For the second straight month, the December Logistics Managers' Index found Transportation Prices at an all-time (as in, six-year) low with both prices and Transportation Utilization contracting. Transportation Prices measured at 36.9, down .5 from November, while Transportation Utilization dropped 1.9 to 48.1 - moving from growth to contraction for the first time since the early days of the pandemic in April 2020. In spite of the weakness of the transportation metrics - there was also continued high Transportation Capacity - the LMI actually ticked up in December as the holiday shopping season impacted inventory and warehousing particularly.
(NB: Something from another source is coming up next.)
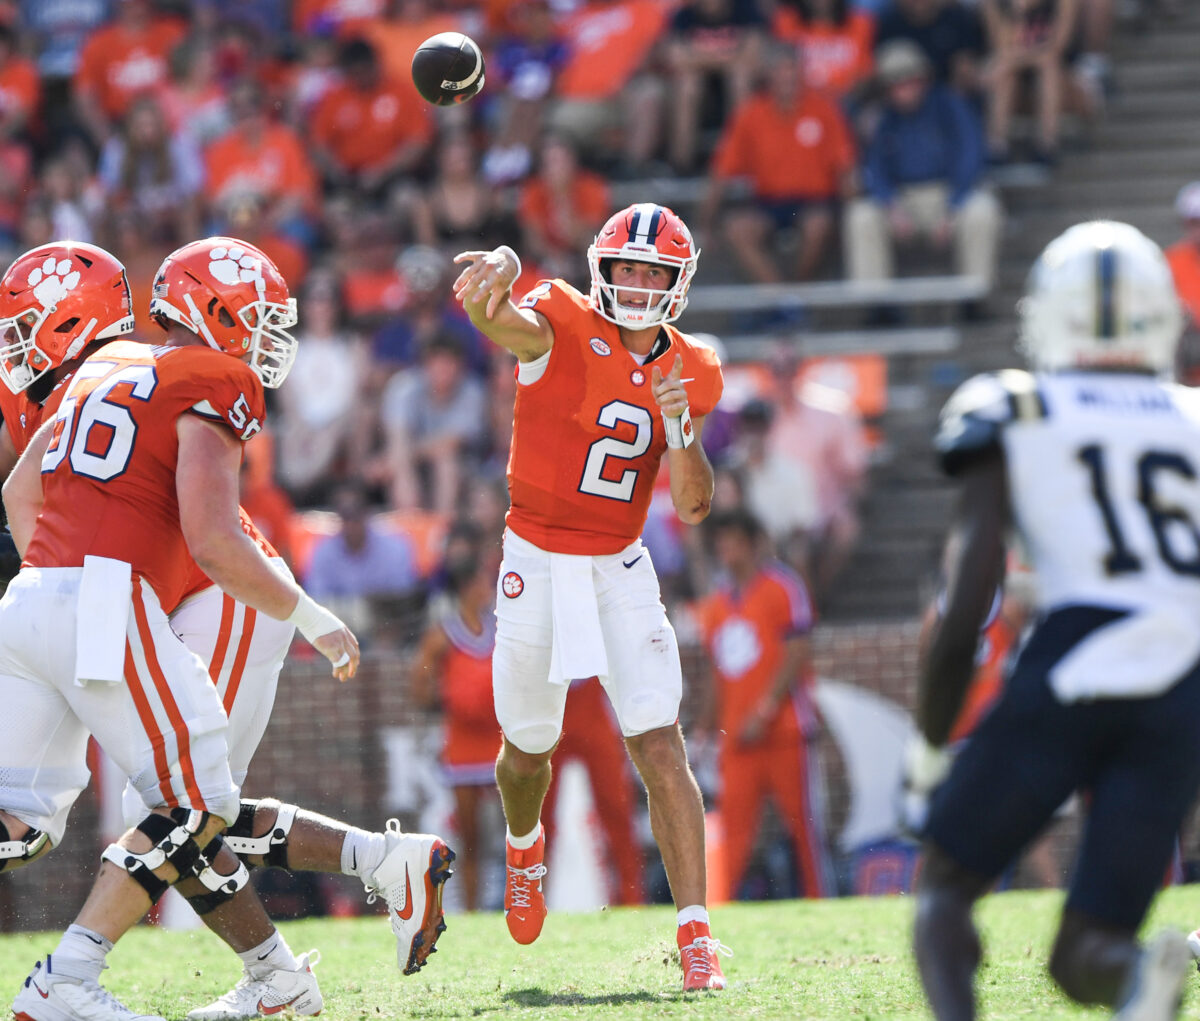 College Football News predicts an upset win for Clemson over Florida State in Week 4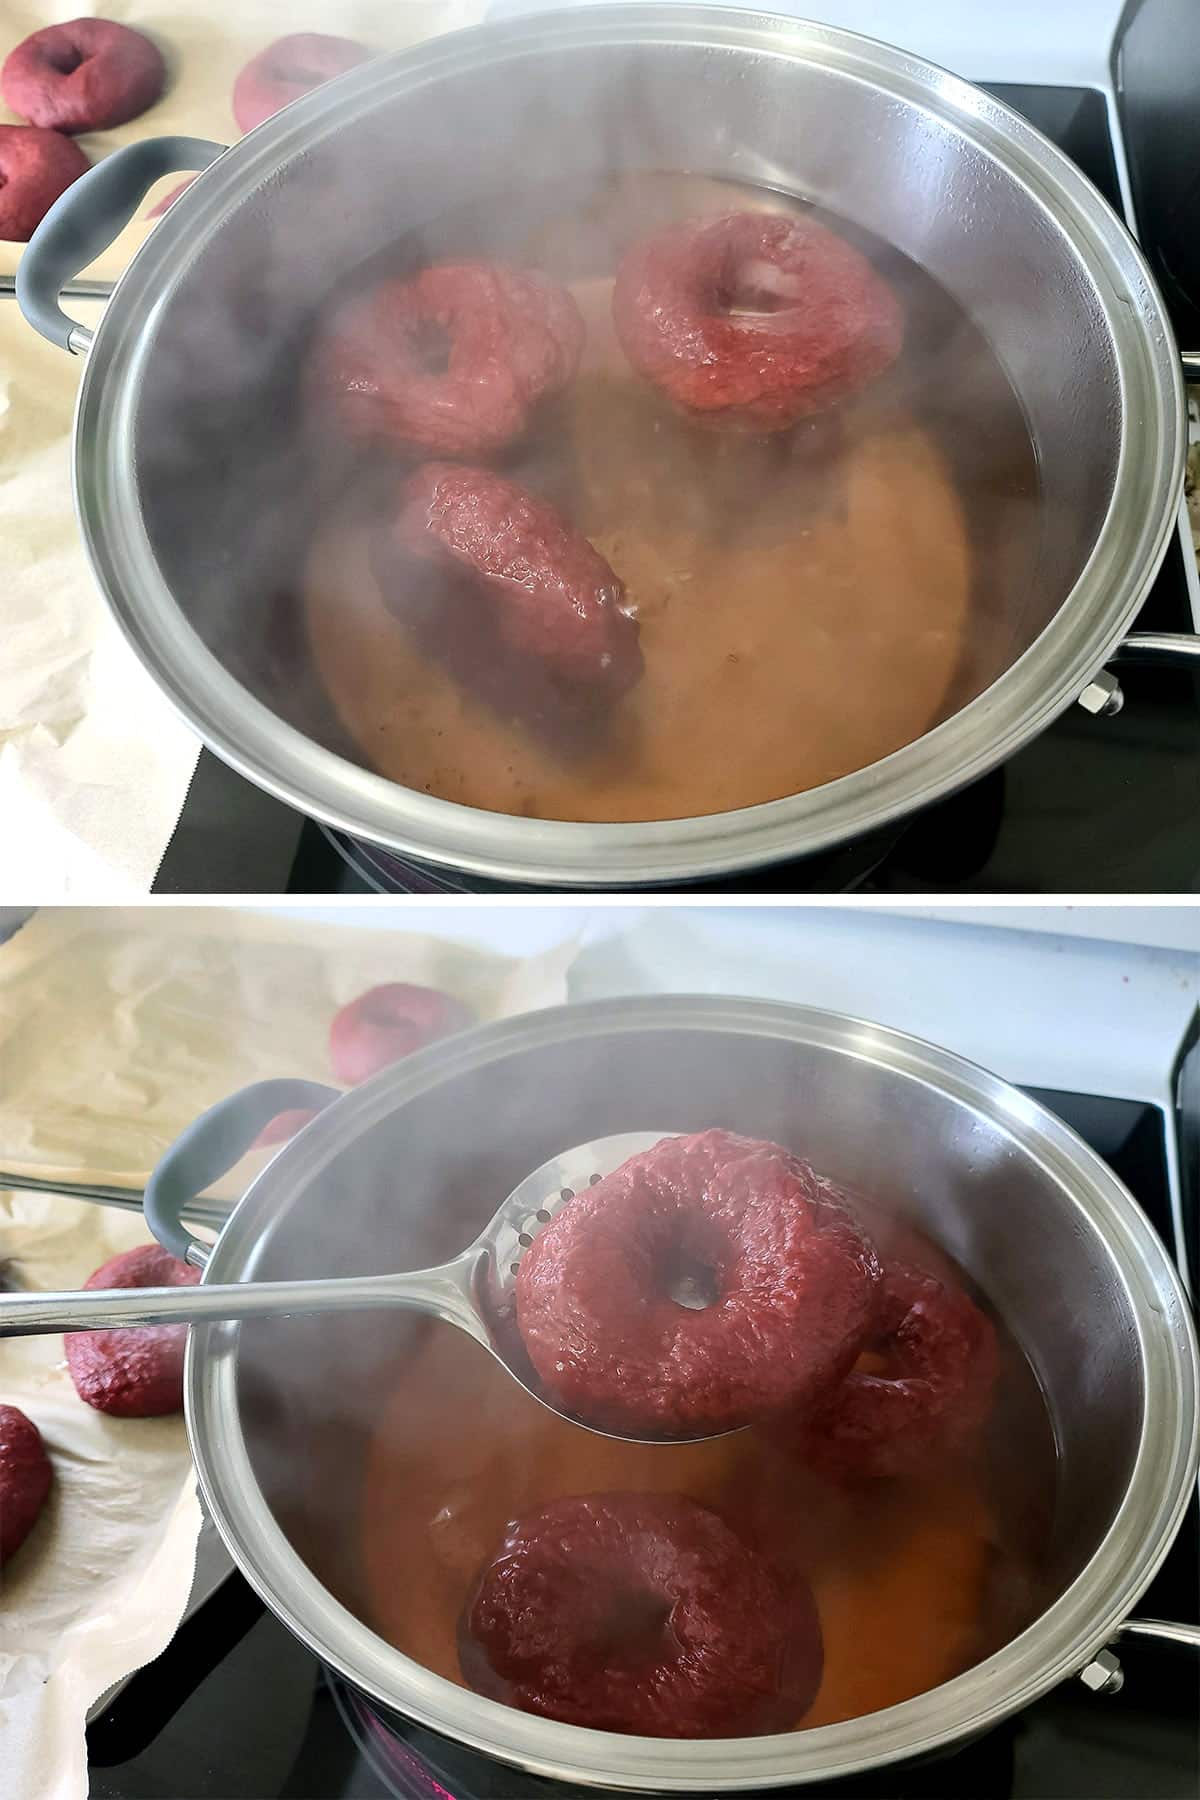 A 2 part image showing 3 red velvet bagels boiling, then one being removed with a slotted spoon.

After dropping seven of the last eight months, the index went up one point to 54.6, a fact the report attributes to a stronger than expected holiday shopping season and keeping it above the overall moderate growth threshold of 50. According to Mastercard, holiday spending was - perhaps somewhat surprisingly - up 7.6% year over year, while e-commerce rose even more, at 10.6%. This led to Inventory Levels continuing to moderate from where they were earlier in the year (though they increased from 54.8 in November to 57.3) and Warehousing Utilization to jump 7.3 to 64.1. Warehousing Prices are still high, with an index figure of 72.1, though that marked a decline of 2.3 from November. Inventory Costs also remain elevated but did drop a bit month to month, from 73.4 to 72.8. The Inventory and Warehousing machinations according to the report are largely due to downstream vs upstream, as downstream respondents (i.e. retailers) held higher inventory levels with more limited warehousing to sell their merchandise. Warehousing Capacity continues to contract - for 28 straight months now - while carriers look to create more, and the aforementioned Transportation Capacity metric likely suffered because inventory was already staged with little need for further movement.
By the Numbers
See the summary of the December 2022 Logistics Managers' Index, by the numbers:
About the Logistics Managers' Index (LMI)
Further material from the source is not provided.